One possible strategy would be to have science students engage in proper, evidence-based discussion.  It would provide solid, publication-backed science-- and do it in social media and newspaper comments sections, the places where these conversations were taking place.

We've discussed this is a dozen different contexts over the years, but there is no way to do it easily (the topics covered are so vast) and who is going to pay for it?  Educators should be compensated for their time. Of course, all funding would be transparent during participation. 

One example of such a spitball session re-emerged online on April 20, 2018.  Gary Ruskin from US Right to Know posted one of my personal communications from 2014 (yes, four years ago) that came from the tens of thousands of emails freely provided to him at significant taxpayer expense.
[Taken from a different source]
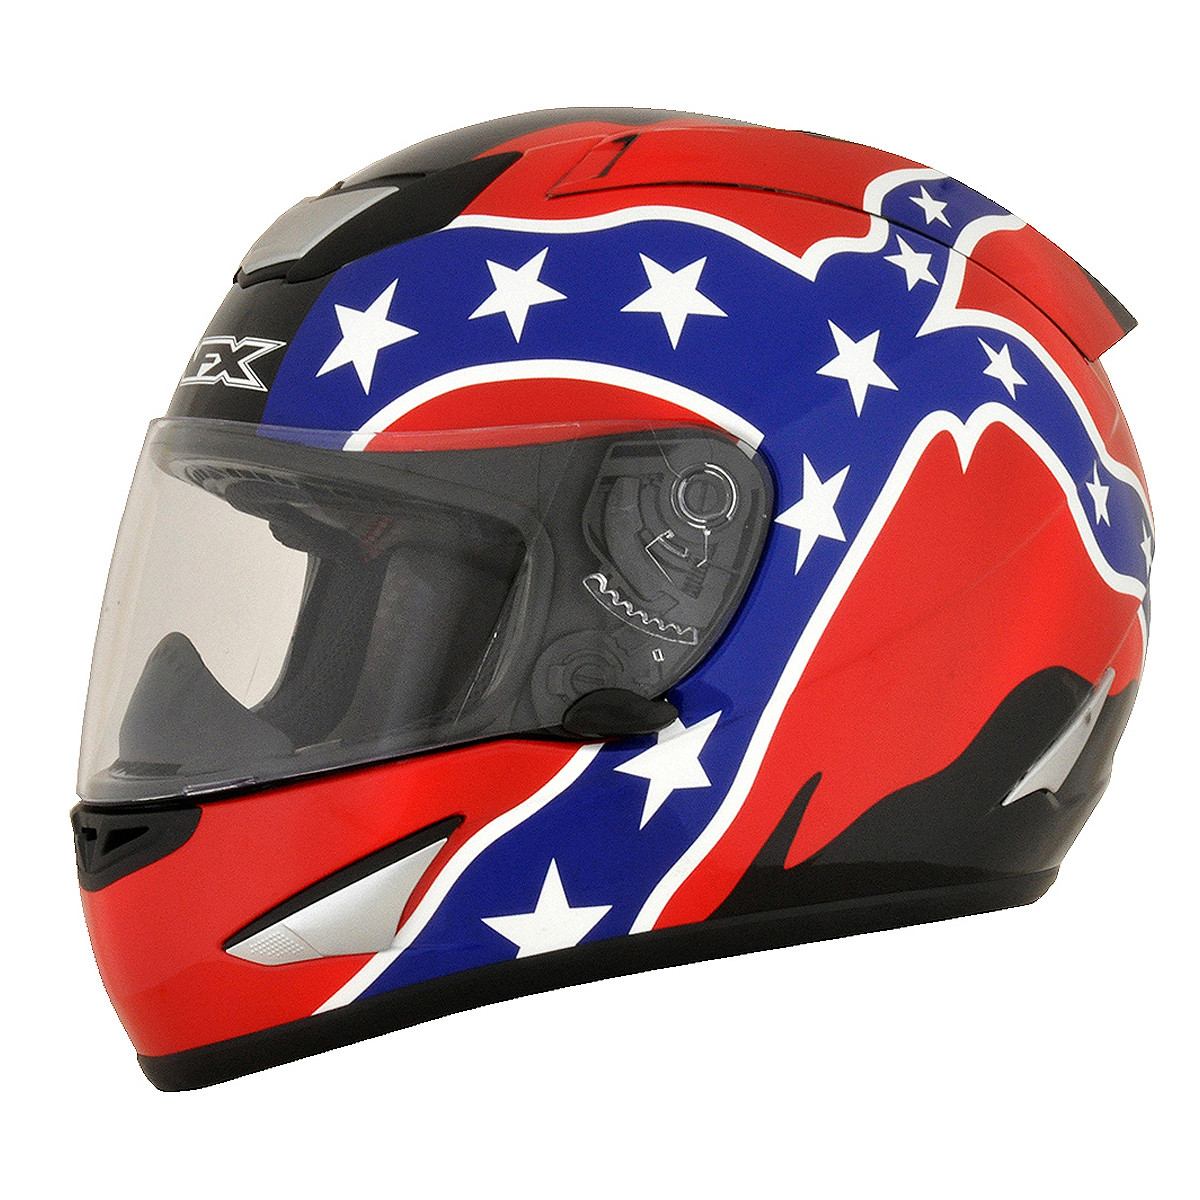 Confederate Flag Motorcycle Helmets | Reviewmotors.co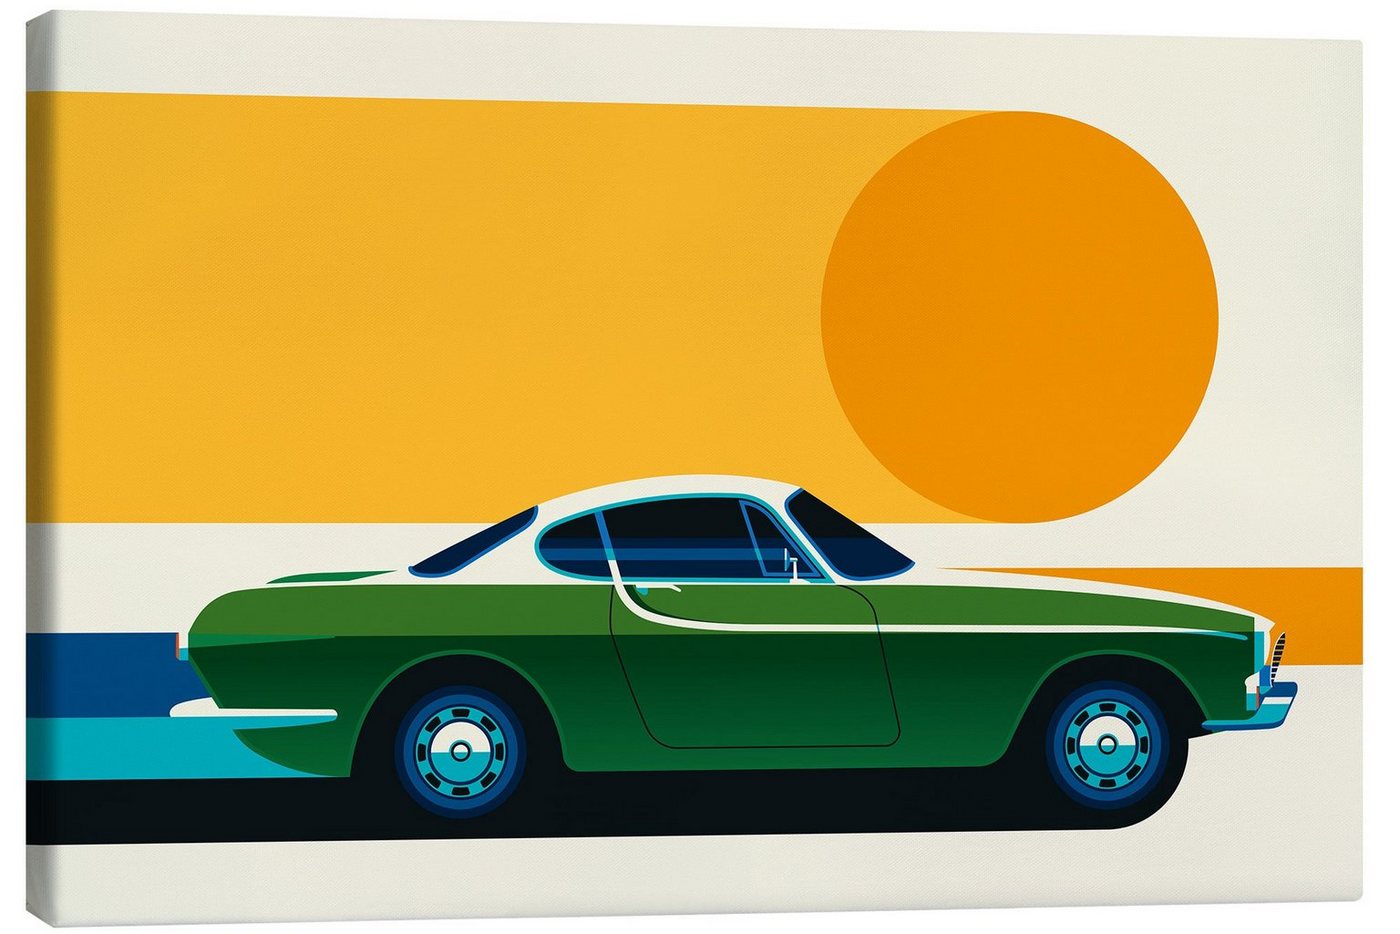 Posterlounge Leinwandbild Bo Lundberg, Green vintage sports car side, Lounge Illustration von Posterlounge

Here's Gary's post and the dud of a smoking gun. 


From his tweet Gary either didn't read the document or is just making up inflammatory information for a cheap political gain.  Read and decide. (full text below)

Gary calls it an initiative to promote GMOs via social media.  If you actually read the document you can see that it is not to "promote GMOs" (a favorite allegation), but rather, it is to help reach out to the public with informed scientific discussion through the conduit they use most-- social media. 

Social media space is dominated with horrible information that does not match the tremendous body of science.  Ruskin, Carey Gilliam, Paul Thacker and the rest of the US-RTK payroll are threatened when real scientific information is disseminated, especially by actual scientists. 

This is why they denounce public education.  An educated public is US-RTK's worst nightmare. 

There are several fun parts about this "initiative"
1.  It was clearly described as not "a promotion or sales pitch" for a specific product.
2.  It emphasized evidence-based information exchange.
3.  It would teach students how to be good teachers.
4.  It never even happened. 

Once again this instance shows:
1.  Activists will cherry pick documents from public officials' documents and distort their meaning.
2.  Taxpayers are financing a war against taxpayer-funded scientists.
3.   Public scientists are attempting to create novel and creative ways to reach the public, and educate students in the process.
4.  It is not about a right to know.  It is about funded front groups like US-RTK controlling information flow to only communicate misleading information, not science-based food/farming information of consumer interest. 

The best part of this tweet is the pathetic number of retweets and likes. It really shows the influence of US-RTK.  Nobody cares.

But maybe it is not too late.  Maybe Gary, Carey and the other one (who's name I can never remember) can start working with scientists and changing expectations of food and farming in a positive way.

Don't hold your breath. The organizations that fund them hate scientists, as our information harms their bottom line.  Time has not been kind to US-RTK or their contributors, and going forward they will continue to realize that fighting science and reason is no way to change hearts and minds.